Two Years after the Libor Scandal, Banks Get Token Fines for Rigging Global Foreign Exchange Rates

Two years after the major banks were caught rigging the world’s most important interest rate, the London Interbank Offered Rate (Libor), six big banks have agreed to pay more than $4 billion in fines to international financial regulators for manipulating the multitrillion-dollar foreign exchange market.

The six banks—JPMorgan Chase, Citigroup, Bank of America, UBS, Royal Bank of Scotland and HSBC—agreed to pay a total of $4.3 billion to the US Commodity Futures Trading Commission (CFTC), the US Office of the Comptroller of the Currency, the British Financial Conduct Authority (FCA), and the Swiss financial regulator Finma.

The extent of the manipulation is enormous. The foreign exchange market accounts for $5.3 trillion in transactions every day—more than 20 times the size of the global stock and bond markets.

The total amount of the fines is nearly as large as the earlier Libor settlements, in which major banks paid over $6 billion. The US Justice Department is expected to announce an additional settlement related to the foreign exchange case.

The deal is the latest in a series of multibillion-dollar settlements between major banks and US and international regulators. These agreements settled charges of money laundering, tax evasion, the fraudulent sale of toxic mortgage-backed securities, collusion in Bernard Madoff’s Ponzi scheme, the concealment of derivatives losses, the illegal foreclosure of homes, and the manipulation of Libor.

In each of these settlements, the pattern is the same. The banks involved pay a fee, amounting to a relatively small portion of their annual earnings. In exchange, the government regulators drop their charges and wind up their investigations. Neither the top executives nor the banks themselves face criminal charges.

The deals are worked out in behind-the-scenes negotiations between the regulators and the banks, allowing the corporate criminals to get off scot-free and continue their illegal and socially destructive activities. The fines are looked upon by the banks as a cost of doing business, reminiscent of the bribes routinely paid by mafia dons to the political authorities.

More often than not, top personnel at the regulatory agencies are rewarded for their efforts to shield the banks by landing lucrative jobs at the same banks they were supposedly policing.

Several things emerge from the string of such settlements in the aftermath of the 2008 crash of the world financial system. First, phrases such as “free market” and “open markets” so beloved of capitalists and their apologists are lies.

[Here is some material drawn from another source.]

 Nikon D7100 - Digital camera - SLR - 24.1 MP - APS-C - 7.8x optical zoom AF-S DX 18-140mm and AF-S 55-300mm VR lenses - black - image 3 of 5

The global financial markets are massively manipulated by gigantic banks and financial institutions that are driven by the insatiable greed of their top executives and major shareholders. The lives of countless individuals are shattered by the economic fallout from the conspiracies and criminal actions of this layer of financial parasites.

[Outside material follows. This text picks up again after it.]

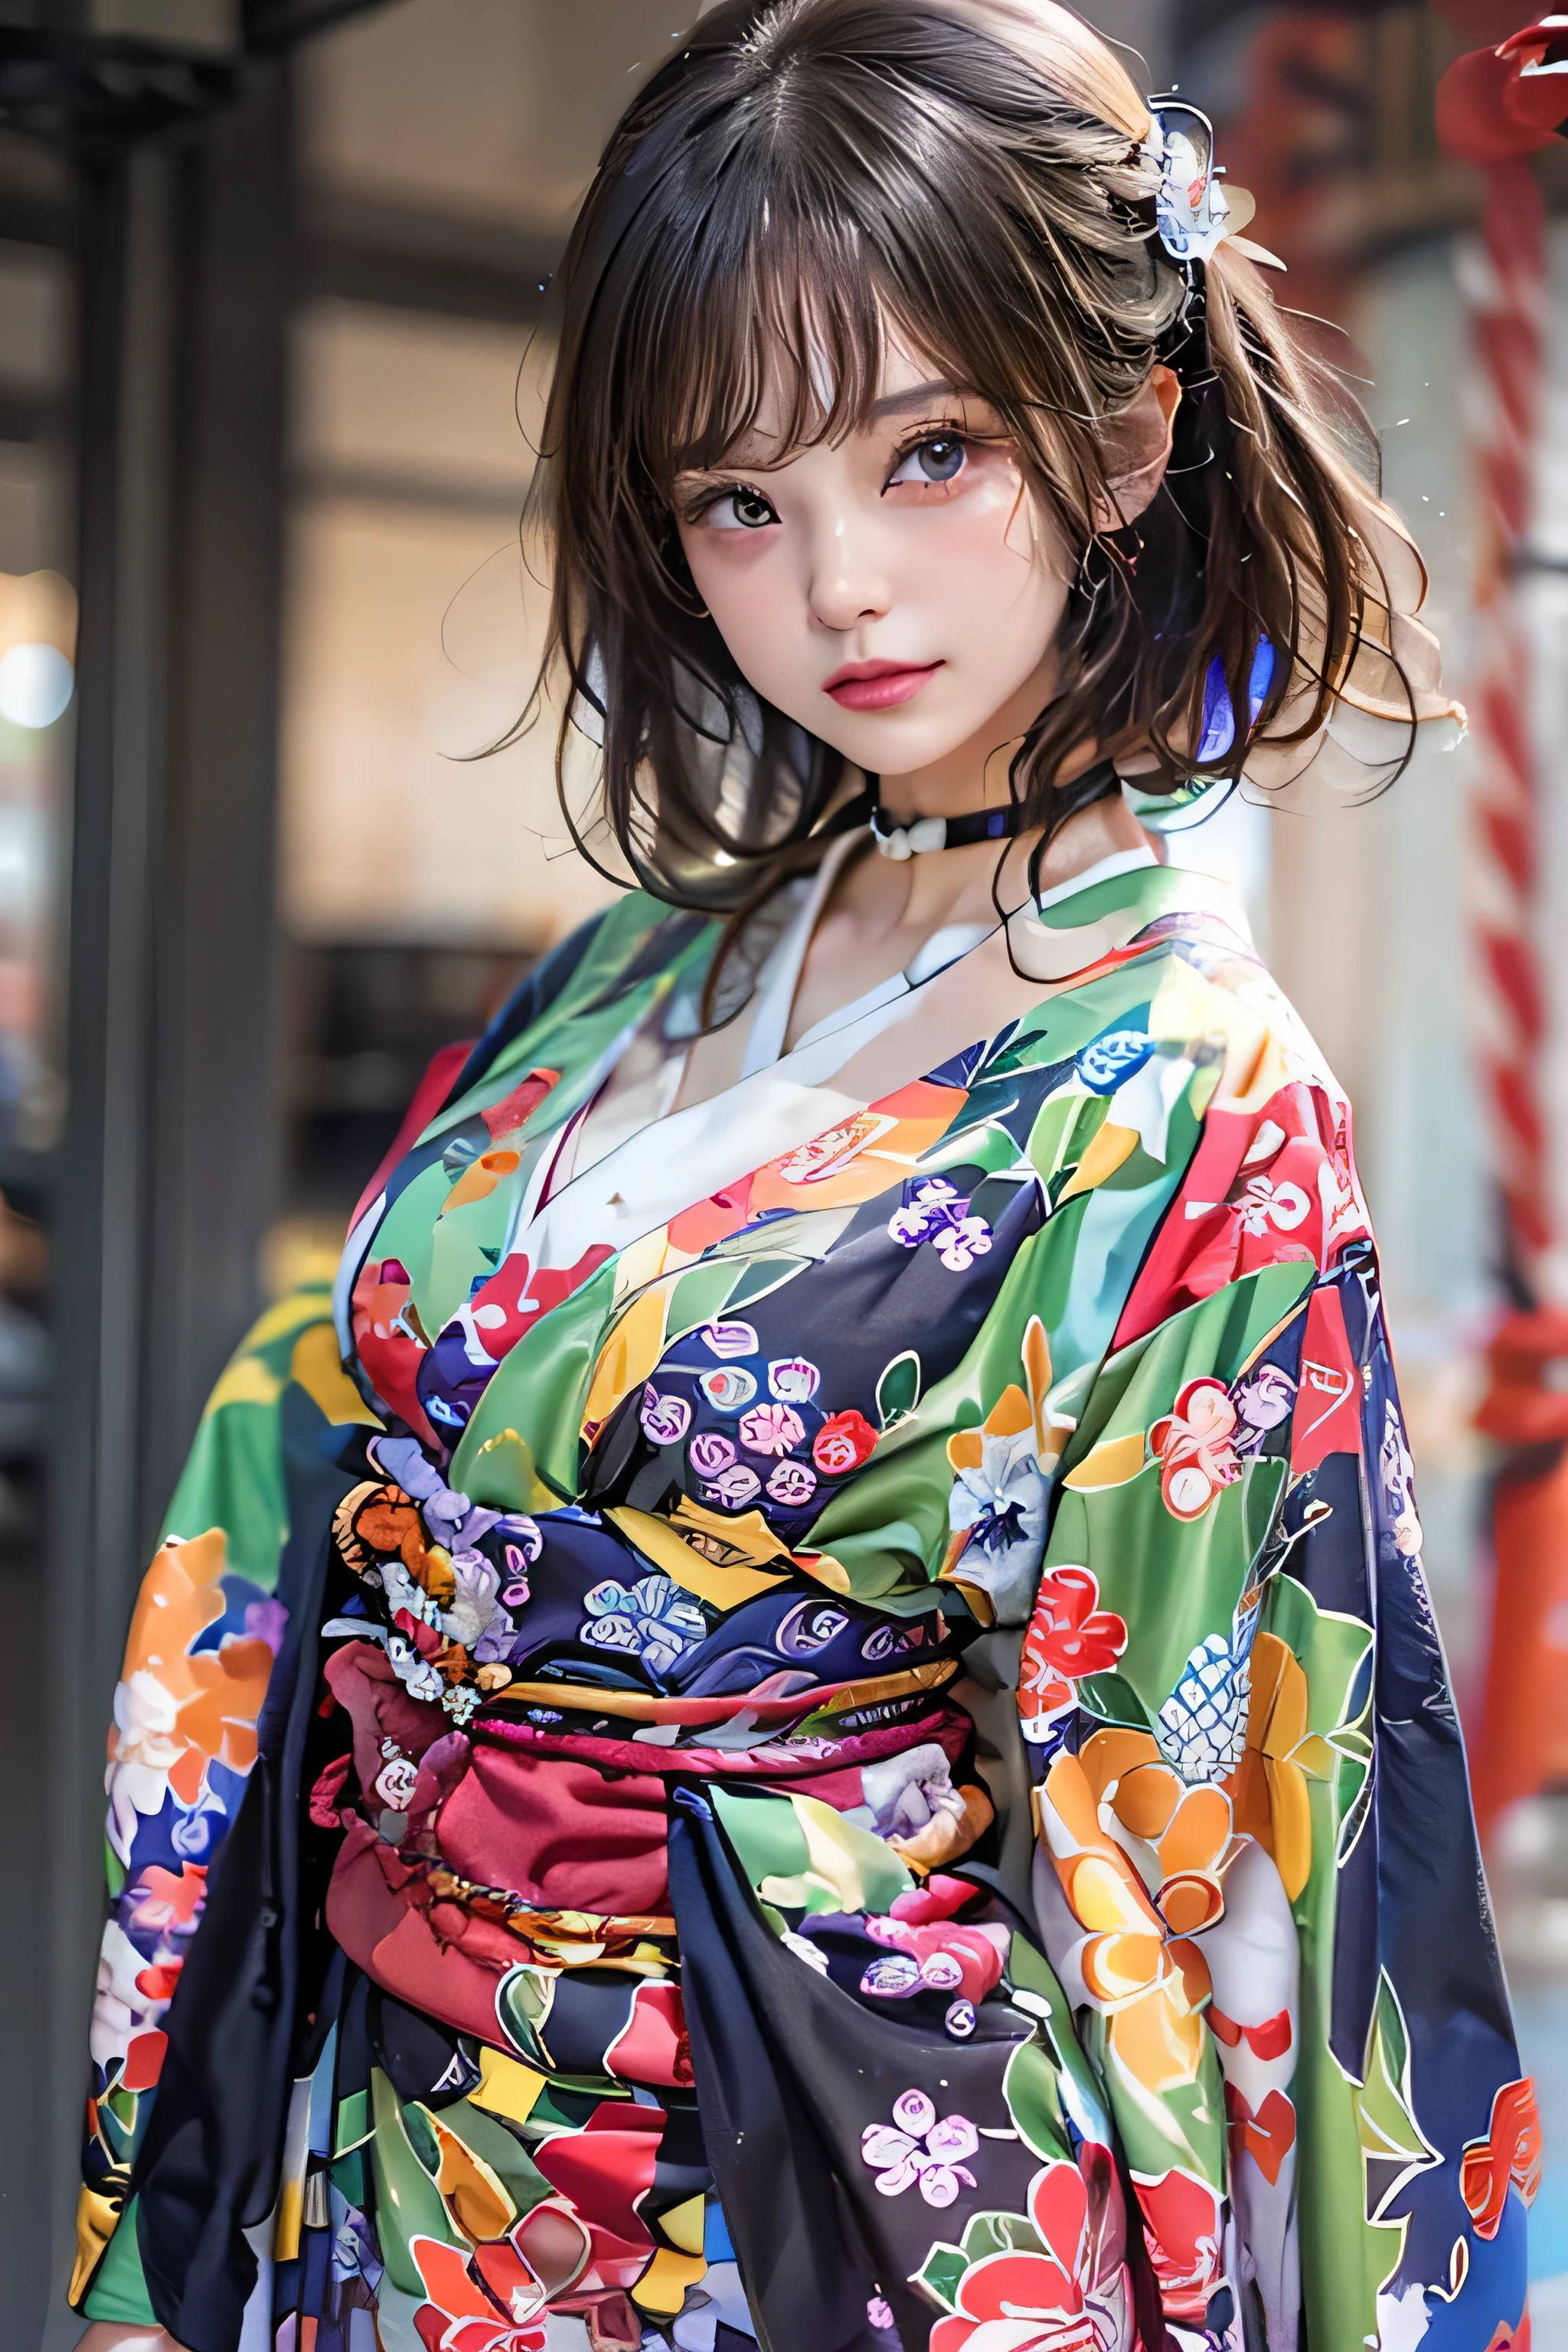 (высшее качество,Качество изображения 8k,шедевр:1.3,высокое разрешение,стол:1.2), передний план:0.8, Глядя на зрителя, 23-летняя женщина, смотрю в камеру,(японское платье, кимоно:1.4,общий:1.2,с цветочным узором, колье:1.4),(короткие волосы:1.2,Темноволосый,красивые волосы), (Переулок:1.3), кимоно comes off,бедро видно,я вижу трусики,Красивое лицо,Кинематографический,(Молодые кумиры глубокой печати, Молодой худой кумир глубокой печати, изысканный идол глубокой гравюры),(детальное безупречное лицо),нормальные руки,Нормальный палец,нормальные ноги

Secondly, governments, regulators and courts around the world are in the pocket of the global financial elite. As retiring US Attorney General Eric Holder told Congress several years ago, the US government considers major Wall Street banks to be too big to prosecute—i.e., to be above the law.

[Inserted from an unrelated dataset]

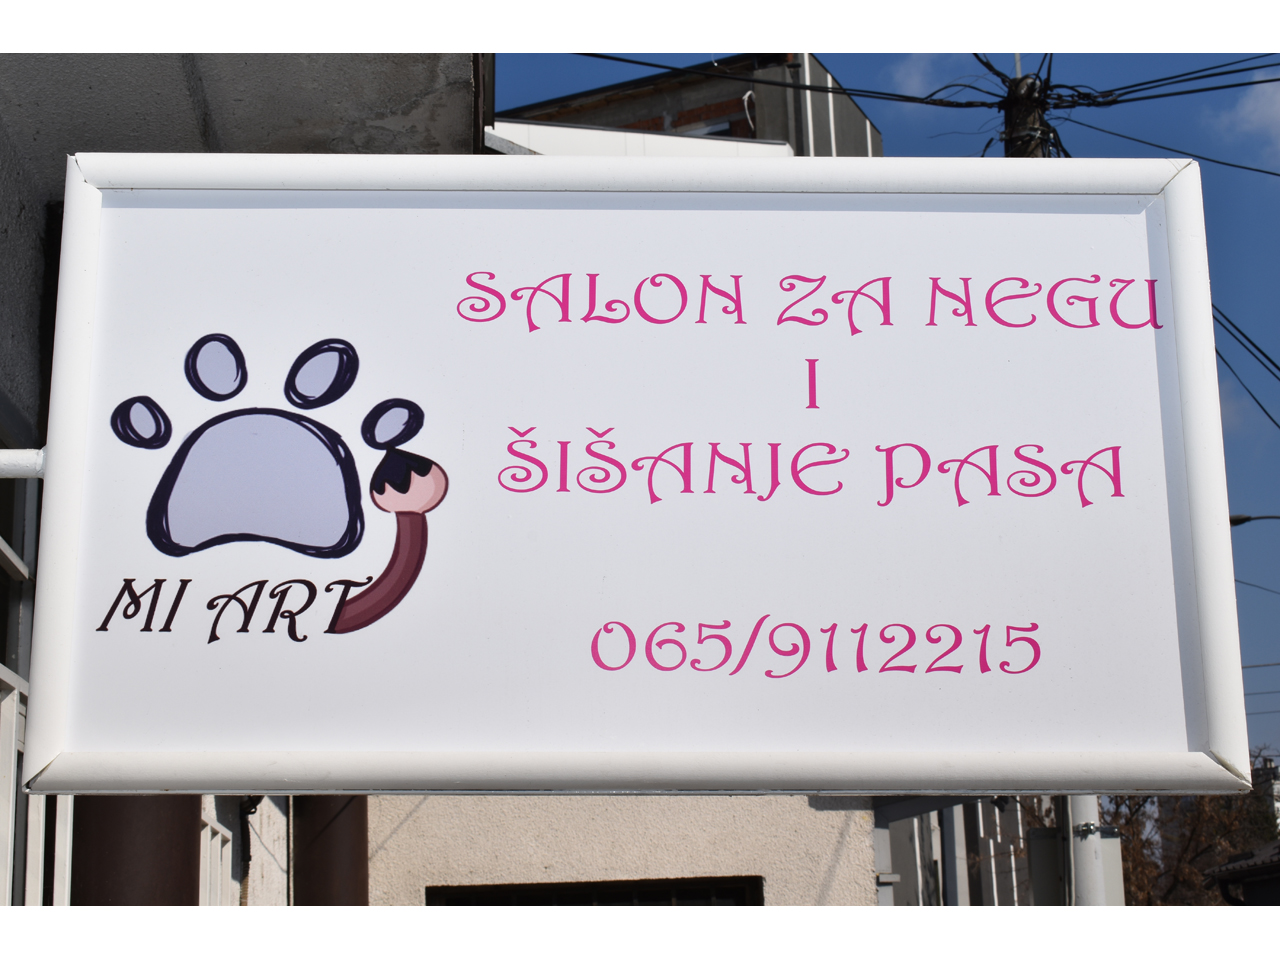 Photo 2 - MI ART GROOMING STUDIO Pet salon, dog grooming Belgrade

Finally, the scale and pervasiveness of illegal and fraudulent practices demonstrate that the criminality is rooted in the capitalist system itself. Capitalist governments fear that if they were to take effective action to put an end to any one of these practices, the entire financial edifice would collapse. …

In a sense he’s right, but I think he needs to be more specific in his critique.  Capitalism at its core after all, is just voluntary economic transactions between individual people.   The problem arises from corporate capitalism, which unfortunately is a “naturally” occurring consequence of large numbers such individual transactions evolving over time.  The problem is spontaneous self-organization in both its economic and political senses.   Immortal, politically involved corporations tend to take on the qualities of gods.  While they are born of voluntary acts by individuals, they tend to become coercive for the same reason that governments tend to become coercive.  When large numbers of people participate in the same socio/economic processes, access to or even awareness of alternatives tends  to be  suppressed and narrowed without limit.  This is why the separation of powers in the US constitution was so important.   The hurdles it presented to self-organization (i.e. corruption) behind the scenes delayed a totalitarian takeover for many years.